Saturday, November 24, 2012

Hamburger, anyone?

While I do know a little about stand up comedy, I must admit that when my friend asked me to review the comic he's involved in about stand up comedian Neil Hamburger, I was at a bit of a loss.  Admittedly, I don't know much about Neil Hamburger, other than the photo of the man that used to reside on my best friend's refrigerator.  What I do know is comics, which is why aforementioned friend came to me to help promote his comic.  Still, without knowing much about the founder of the feast, I wasn't sure how to go about it.  Luckily, the Grey Lady herself gave me a pretty good description of one Mr. Hamburger.

The New York Times describes Hamburger as, “a brilliantly awful persona of an old-school, C-list funnyman – the kind with an ill-fitting tuxedo and an enormous, greasy comb over – on a very bad night.  Neil Hamburger toys with an audience's expectations (and patience), and indeed his act is a kind of rude commentary on stand-up comedy altogether."

The Neil Hamburger Comics Digest is weird.  I mean, it's some strange, bawdy, funny stuff.  Which is pretty much exactly what you'd expect from anything branded "Neil Hamburger".  This is comix with an X, and that's appropriate, because it's sort of an x-rated comic book.  And that's fine.  That's great, in fact.  Because what this digest captures is just the overall abnormal feeling necessary not just for the comedy of a man like Hamburger, but for the style of Crumb-influenced underground comix you'll find within these pages.

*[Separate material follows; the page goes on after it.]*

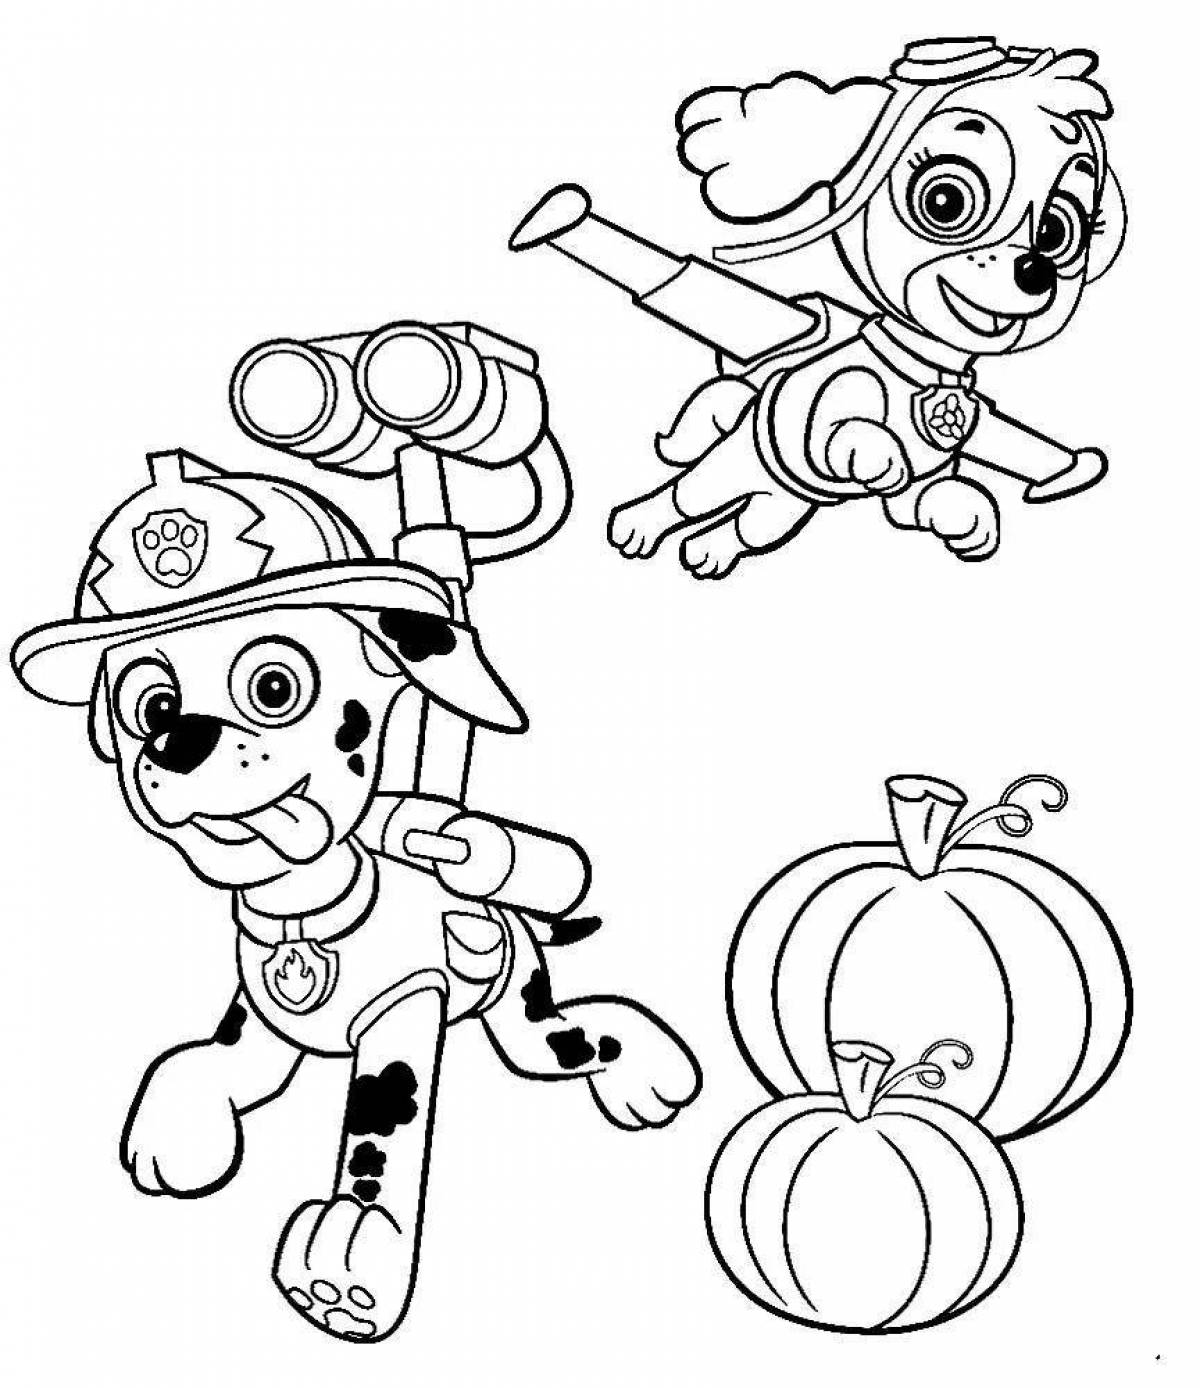 Adorable marshal coloring book for kids

Published by Blank Stare Entertainment and  written by Phill Hillenmeyer and Gregg Turkington (aka Neil Hamburger), Neil Hamburger Comics Digest features art by indie fan favorites and critically acclaimed cartoonists  Darick Robertson, Jeffrey Brown, Batton Lash, Chris Wisnia and more.  And the artists' love of the project is evident in every line, every panel.  The people involved in this book were clearly honored to be a part of it.

Coming into this review, I didn't feel like I knew Neil Hamburger very well.  After going through the book, I'm not sure I know the man himself much better, but I am damn interested in exploring his particular kind of loose tie, matted hair, watered down blended scotch style of comedy further.  And that means this comic does exactly what all great comics should do, and that's appeal to an established audience while grabbing a new one.  I say job well done for Hamburger and crew.